The information in our genes is seldom a death sentence.  In rare cases, it is, such as Huntington’s Disease.  If this disease runs in your family, you already know it and testing should be done in conjunction with genetic and/or medical counseling.  For these people, DNA testing will either confirm that they carry that gene, or relieve their mind that they do not.

For the vast majority of us, the information held in our genes it much less dire.  In fact, it’s a good news message, as it will provide us ample warning, an opportunity, to do something differently with our lives to prevent what might otherwise occur.  So it’s not a death sentence, more of a life sentence.  For me, it was an epiphany.  Yes, I took positive action and made dramatic life changes as a result of my DNA test results.  In essence, this is my “coming out” story.

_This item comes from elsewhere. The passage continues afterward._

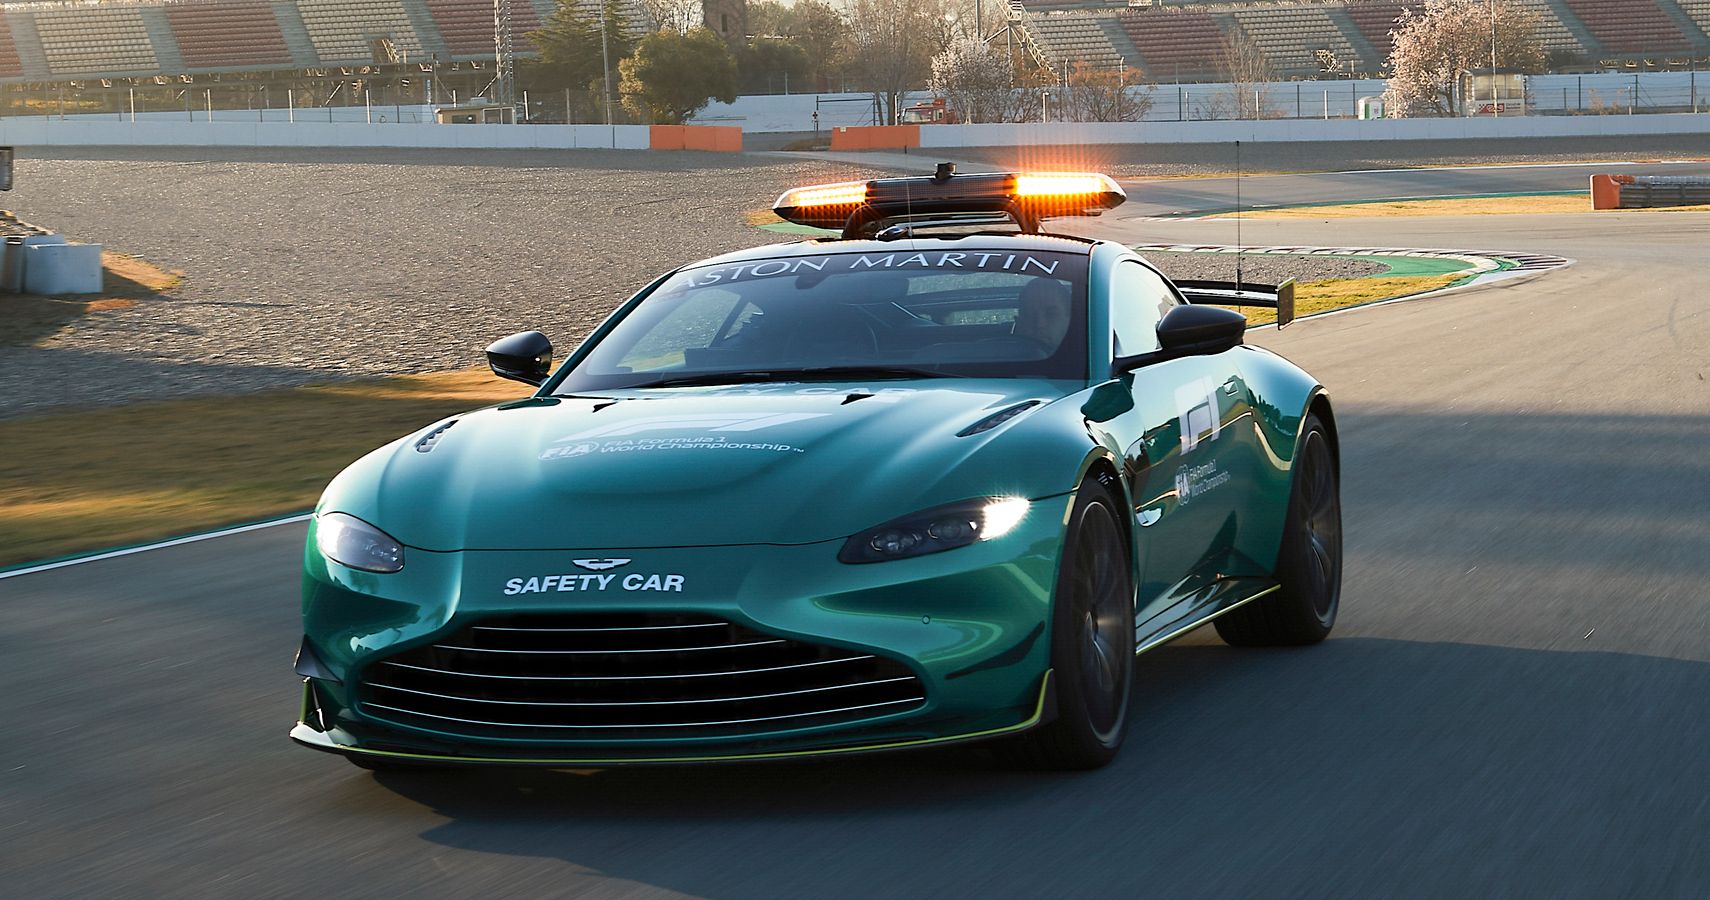 F1 Safety Cars The Aston Martin Vantage V8 And MercedesAMG GT Black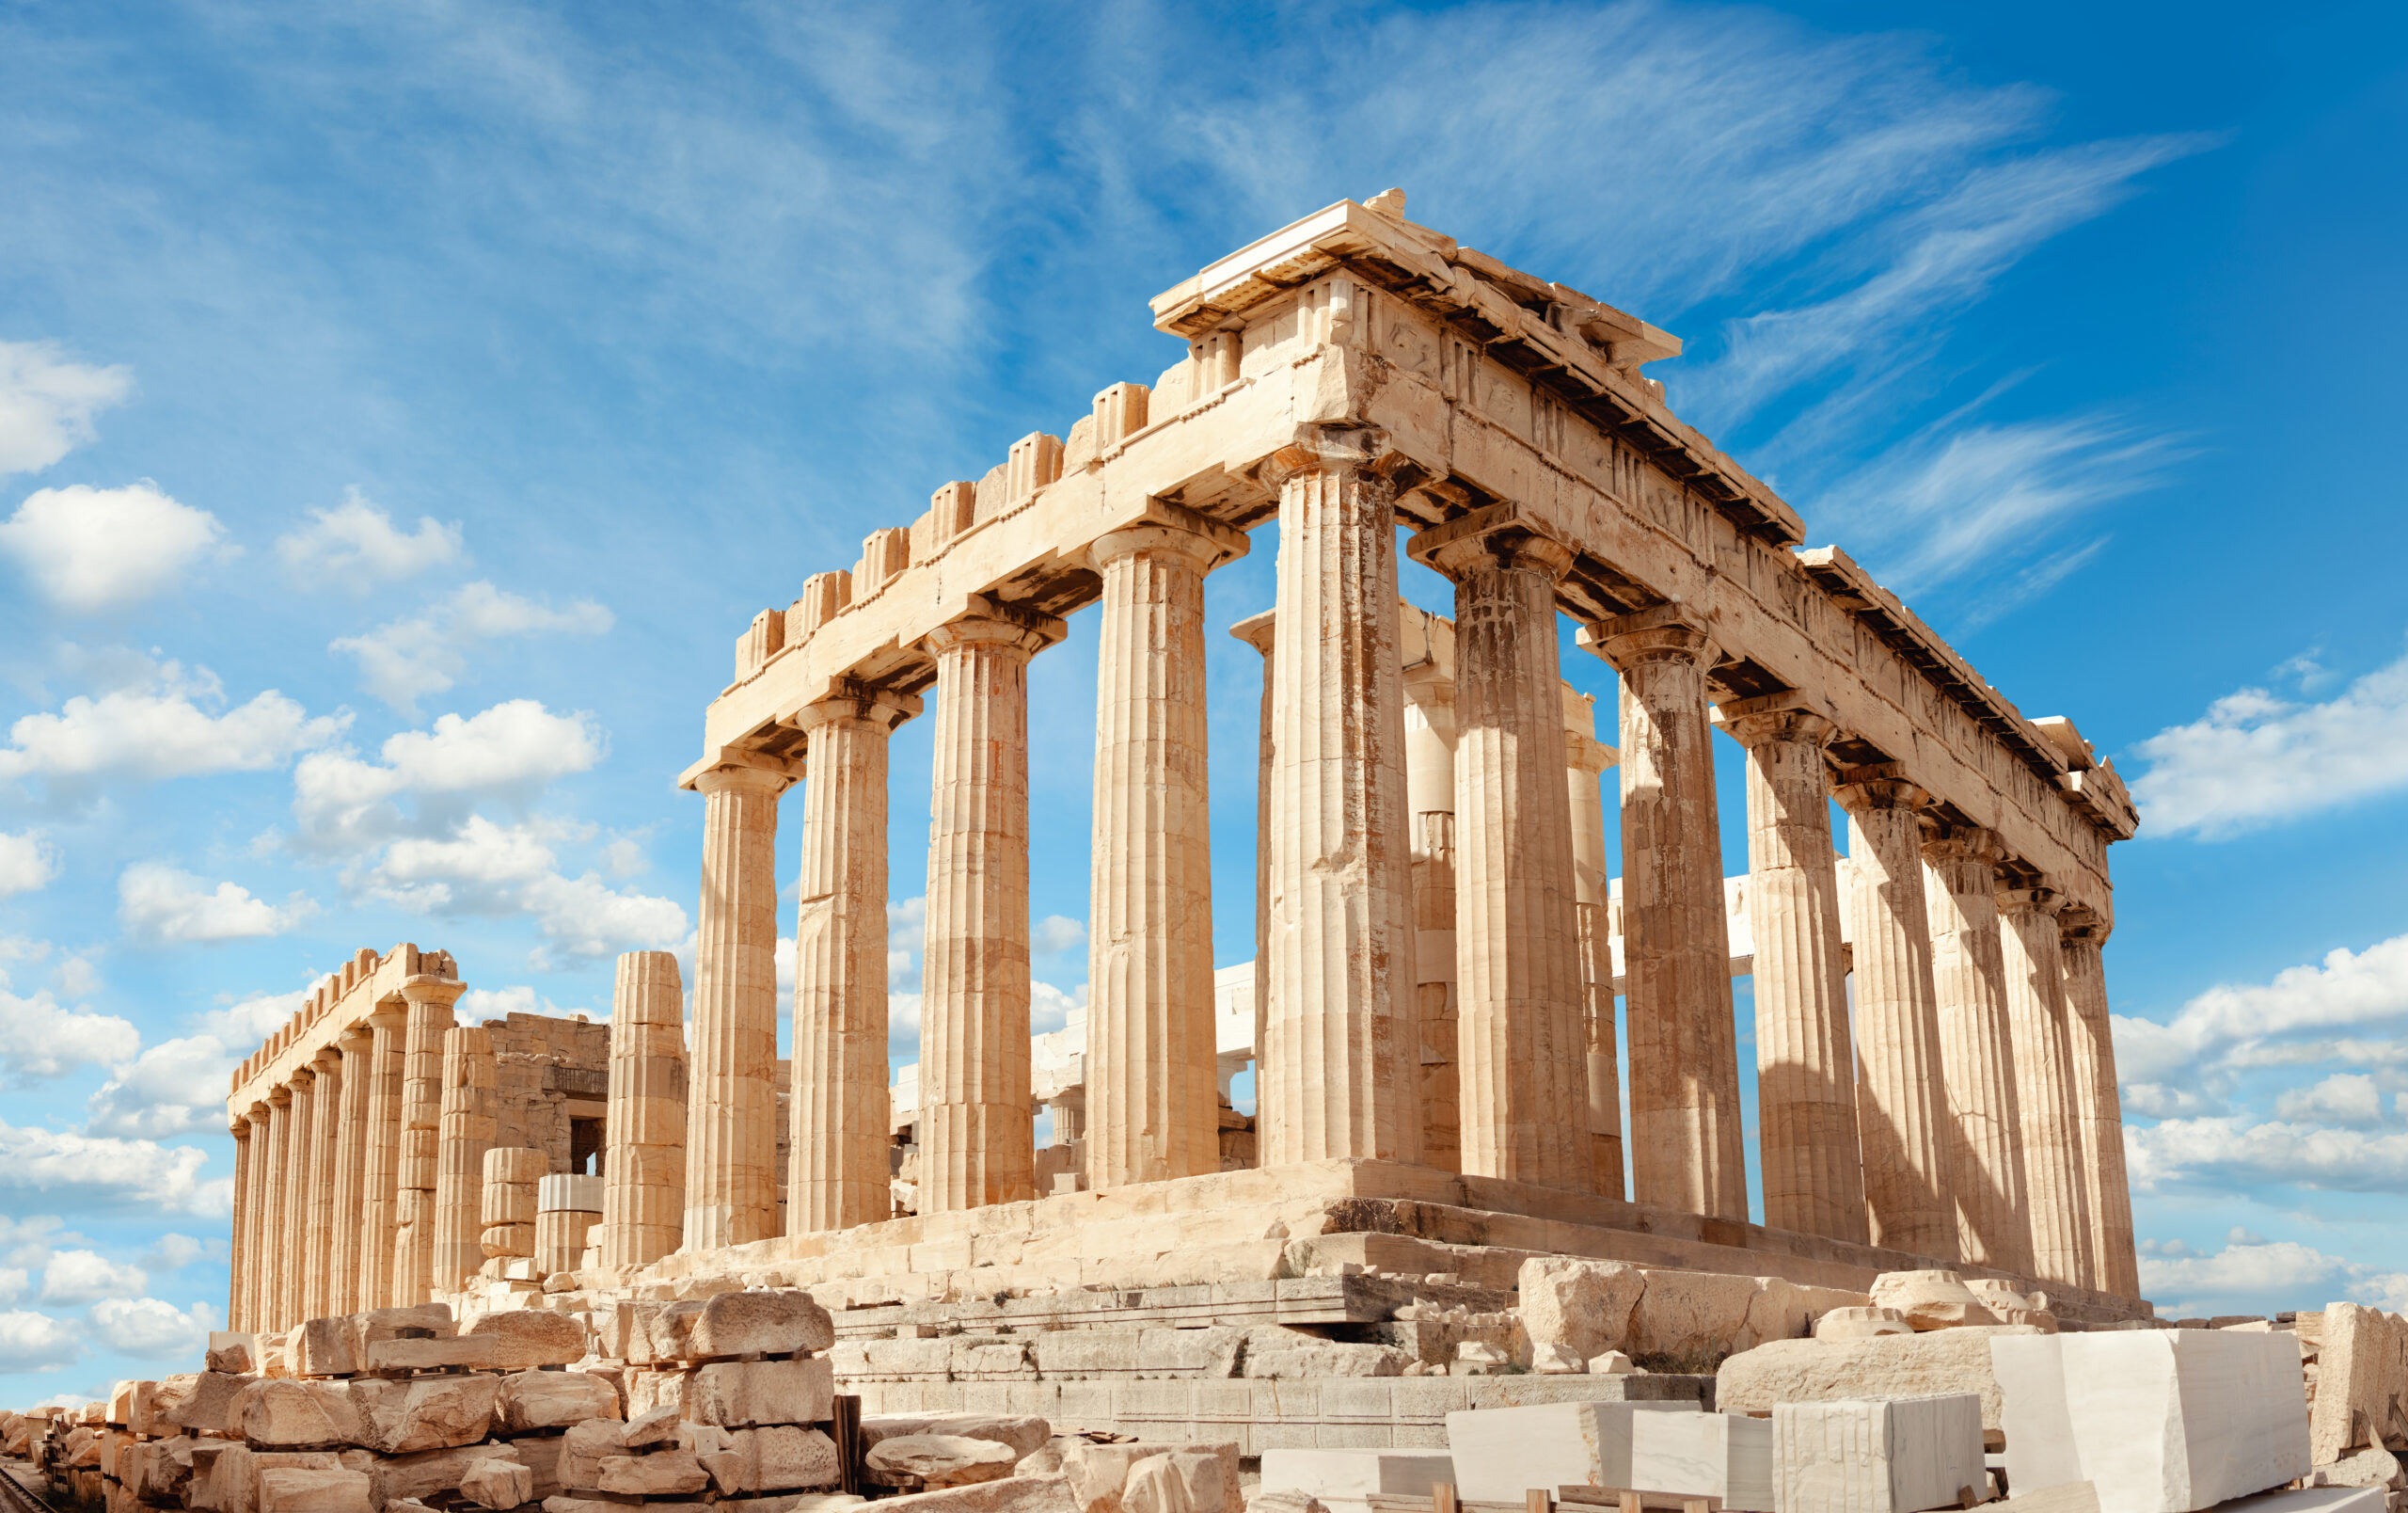 Greece Trip – In the Steps of Paul

I was one of the first people to order the new 23andMe test when it was first offered, mostly for the genealogy aspect, but as you know, it includes health traits and information.  When I received the results of that test a few years ago, in black and white, where I could not possibly ignore them, the reports indicated that I was at elevated risk for certain conditions.  Those conditions were certainly beginning to manifest themselves in my life.  I was on medication for two of them.  My weight, at the time, was certainly a contributing factor to the development of those conditions.  My sister had died near the age I am now as a result of those conditions.  She looked like me, was built like me, was heavy like me, and very probably carried those exact same genetic risk factors.  Our grandfather died of the same thing about the same age.  Our father had it too, but he died in a car accident – caused by a coronary episode, at age 61.  Seeing this, in black and white, and knowing my family history, I decided to do something to prevent that future, or at least to delay or mitigate it as much as possible.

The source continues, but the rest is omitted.